Western cruppers have a clip where your T is and it just attaches to the back of the saddle. Most western saddles have a crupper ring behind the cantle that it just clips to. Your going to have to rely on the english side of the members :lol:


----------



## HorsesAreForever (Nov 9, 2007)

Oh jeeze does no one know?! LOL


----------



## RadHenry09 (Mar 22, 2009)

HMM, not sure on this one myself , but did you buy it at horse loverZ , underneath their was was box that you could ask a question through email..perhaps they could help you .

I never used a crupper on any of my saddles.


----------



## HorsesAreForever (Nov 9, 2007)

Oh I could give that a shot.


----------



## Vidaloco (Sep 14, 2007)

All I can find says it fits into the underside of the saddle. I'm still looking


----------



## ariielise (Nov 3, 2009)

it slides into your gullet


----------



## luvmyperch (Oct 5, 2009)

Slides into the gullet of an english saddle and sort of stops with the flap on the back of the underside of the saddle, if that makes sense?!


----------



## HorsesAreForever (Nov 9, 2007)

I have a wintec AP and it doesnt seem to go there LOL Maybe im not trying hard enough xD Im afraid of it getting stuck


----------



## SeWHC (Jul 1, 2009)

An english crupper will attach around your billet straps, like the loops on an english saddle pad would to hold it in place. 

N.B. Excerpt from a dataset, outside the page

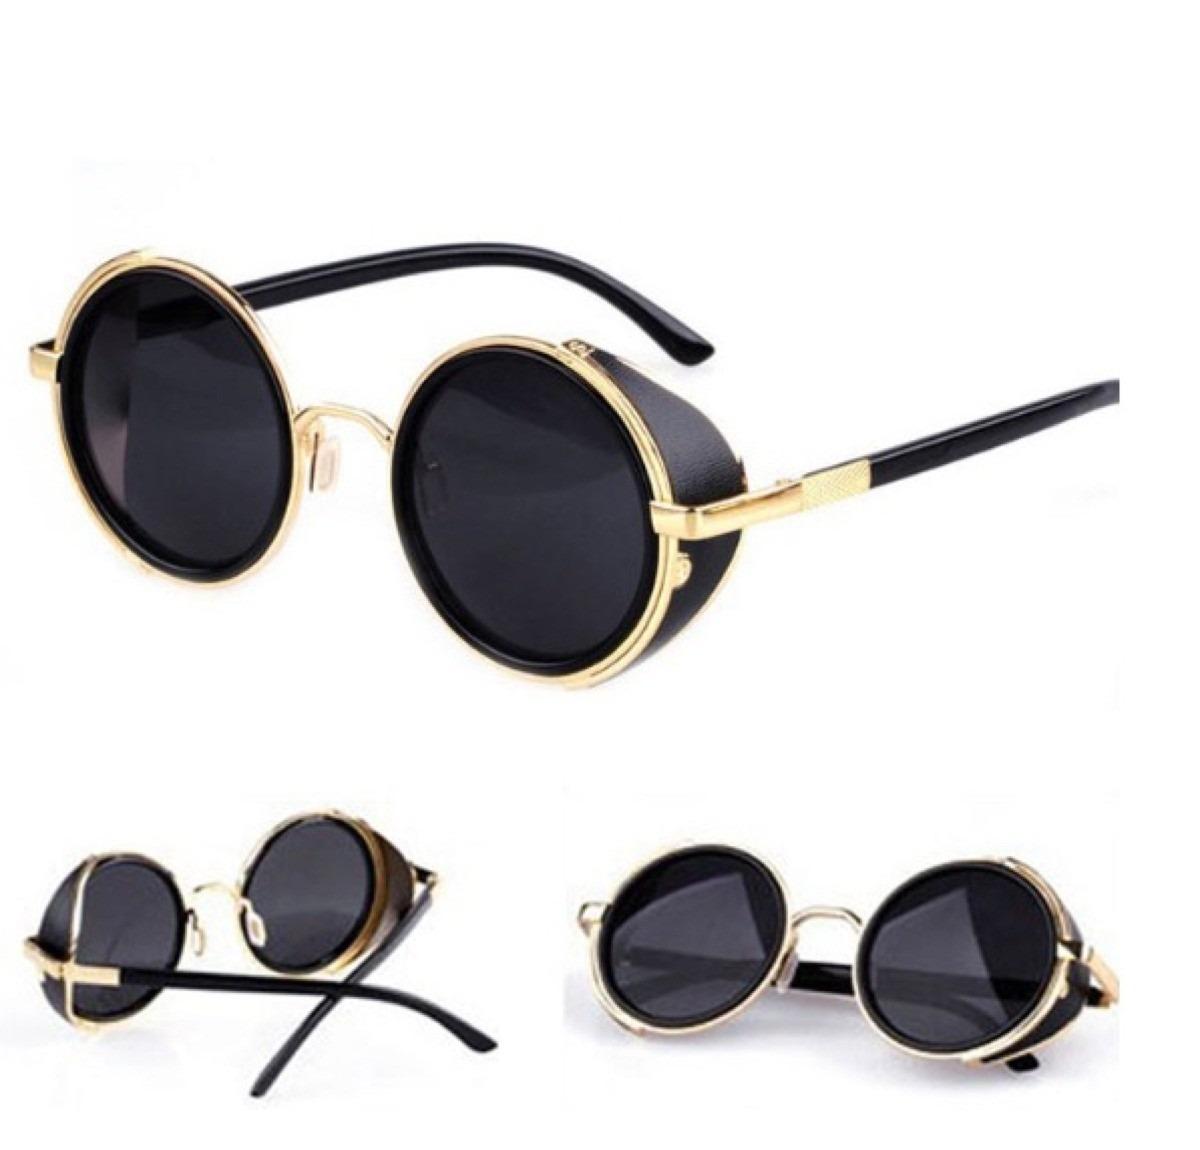 oculos sol redondo retro vintage lennon ozzy homem de ferro. Carregando  zoom. 30005b4975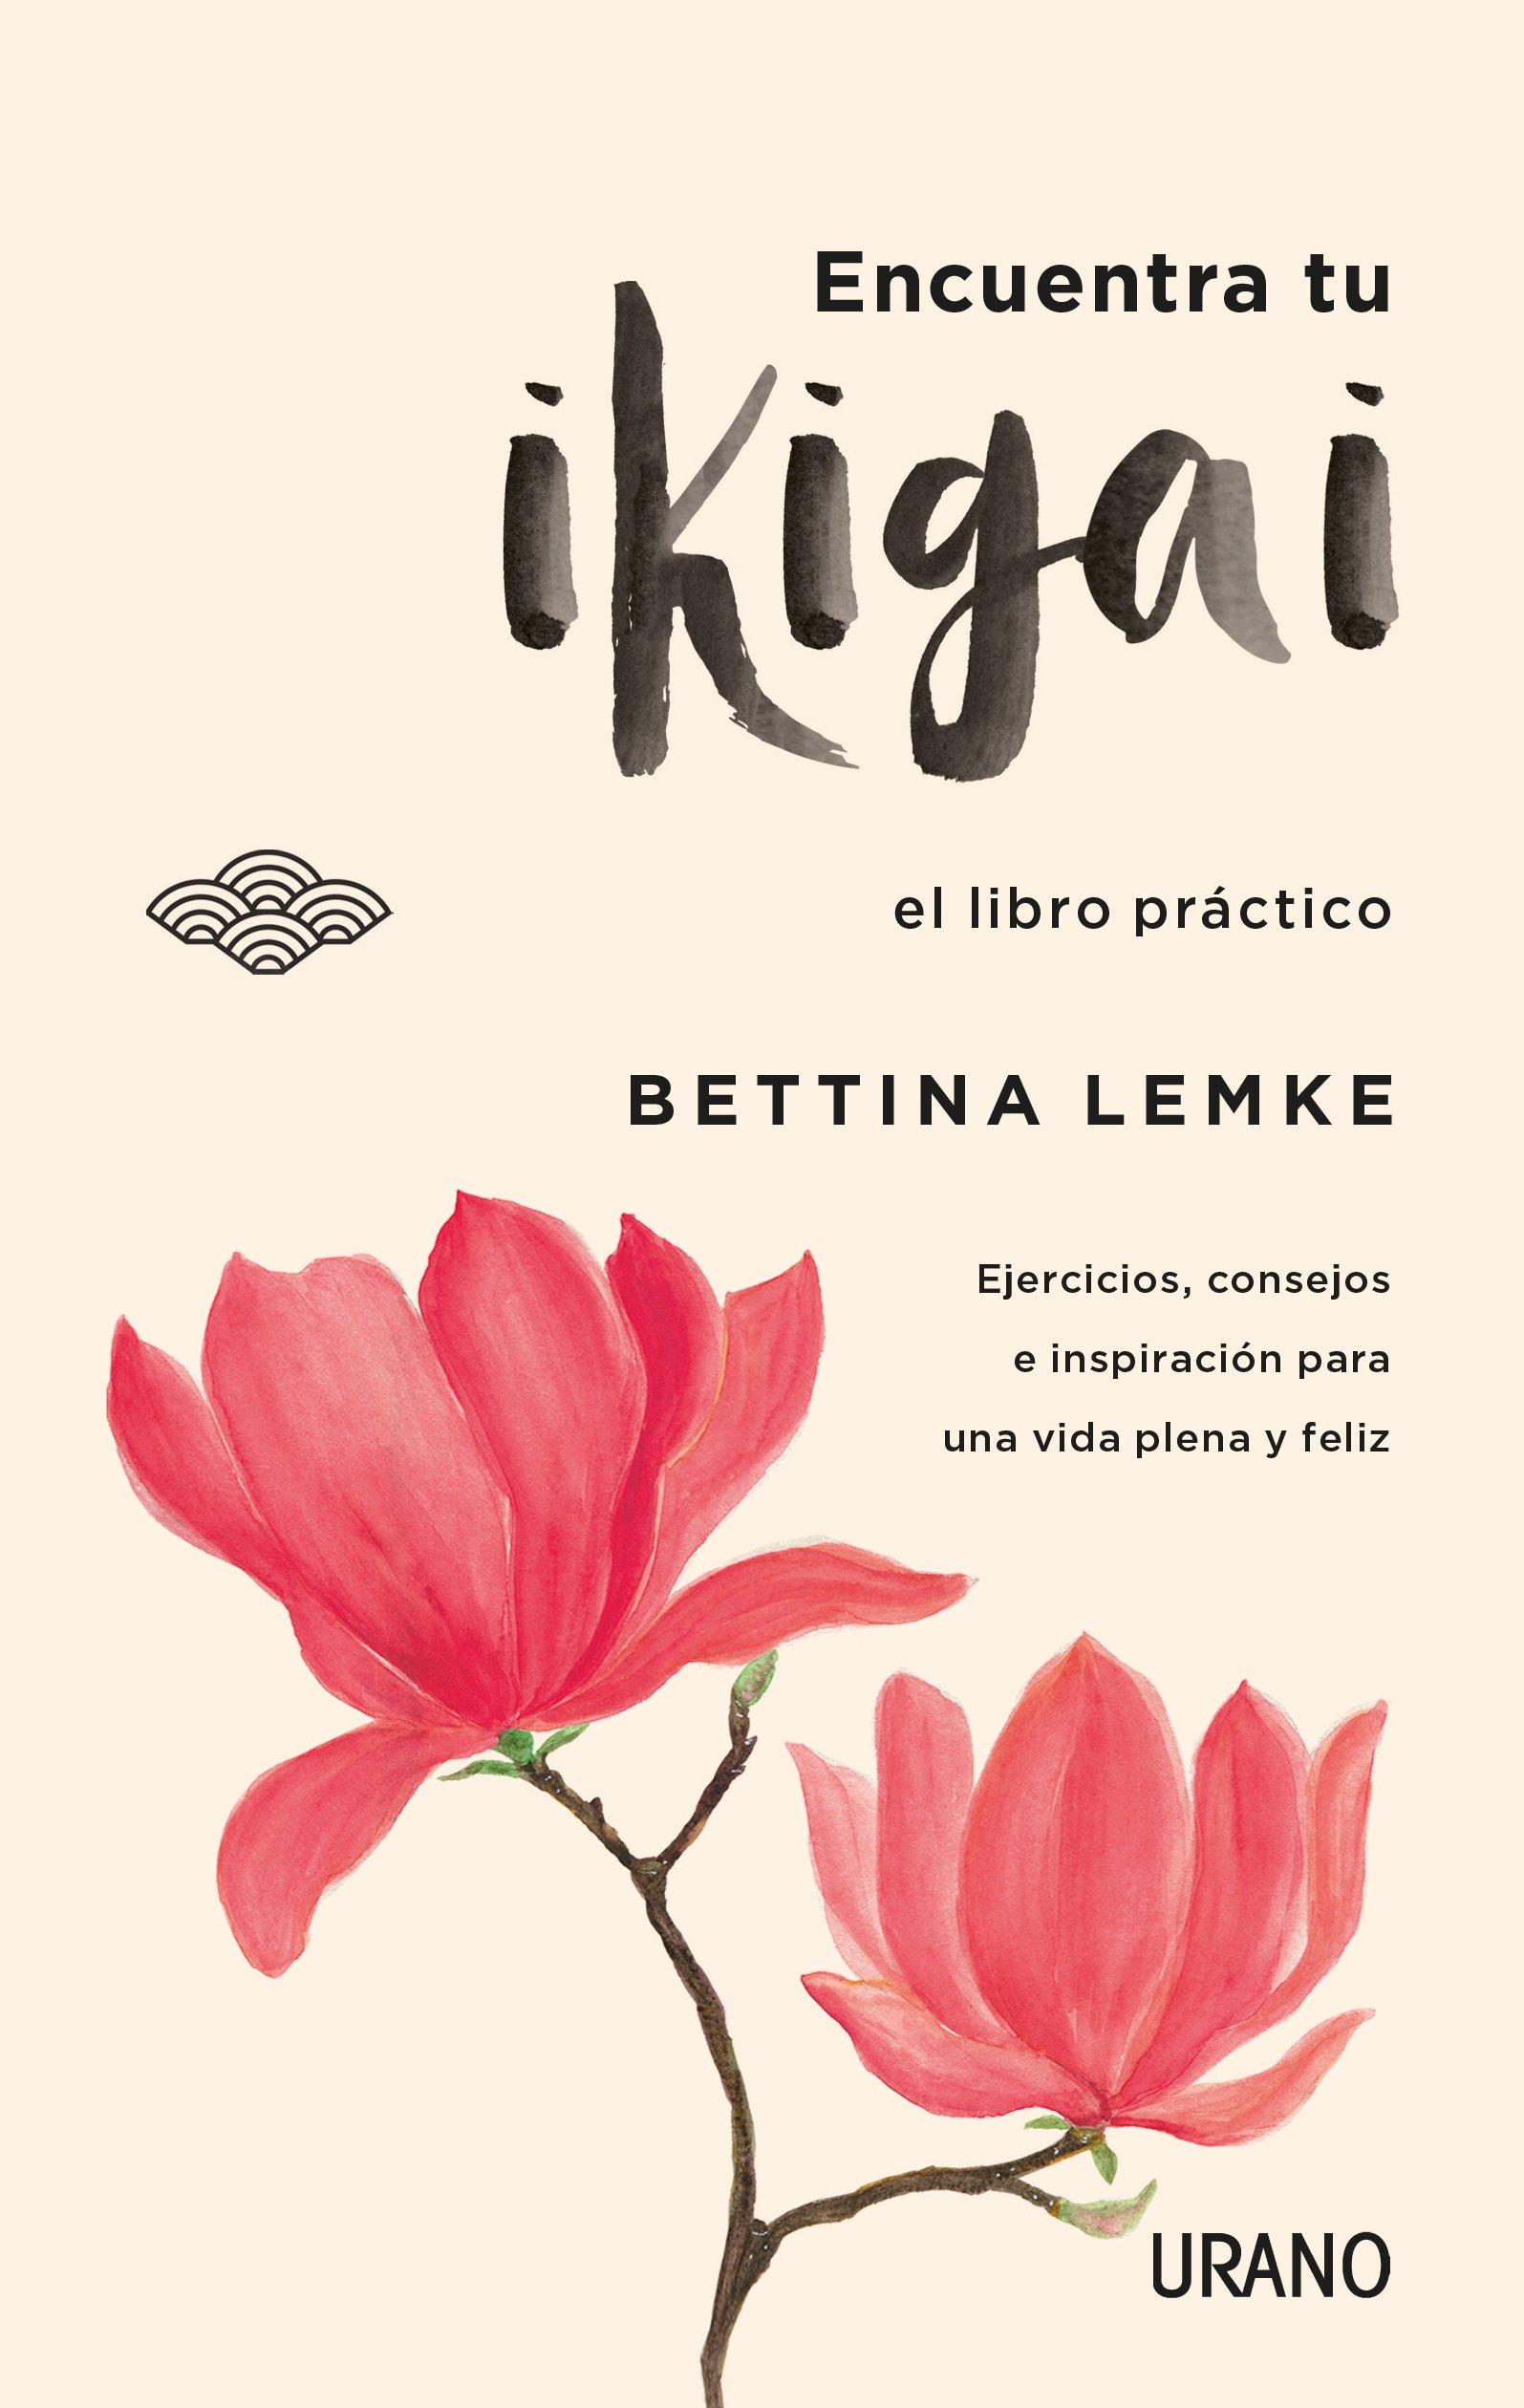 Encuentra tu ikigai (Crecimiento personal): Amazon.es: BETTINA LEMKE,  Isabel Romero Reche: Libros

Did you get the right style of crupper? If you got the kind with just the metal T part, It slides in the gullet and you just pull back as much as you can until its snug.

Look on this page and you'll see a picture of a crupper adapter and how it is installed... that's how you'd do the metal one.


----------



## SeWHC (Jul 1, 2009)

Whoops, forgot to post the link. 

http://www.runningbear.com/Cat-2008-21-30.pdf


----------



## HorsesAreForever (Nov 9, 2007)

I got the one thats in the link that I posted. 

Ill try getting it in the underside of the saddle again tomorrow. It didnt seem to want to actually go in, but I also wasnt trying very hard just in case I was wrong. lol 

Thanks for the link


----------



## Allison Finch (Oct 21, 2009)

That is an english crupper. It does NOT fit on the billets in any way.

Take the "T", line it the long way in the groove between the two sides of the panels (along the spine of the saddle). Once in the groove, turn it sideways so that the wings of the "T" slide under the panels. Pull it back toward the back of the saddle until the rear panel stops it.

Unbuckle one side of the tail piece and slide it under the tail. Then, adjust the length along the back until the tail loop hangs about an inch below the dock.

Hope this helps. If you are wanting this for a westrn saddle......


----------



## Vidaloco (Sep 14, 2007)

Allison's description and the photo in the link makes more sense. It should be attached more to the rear of the saddle than toward the front.


----------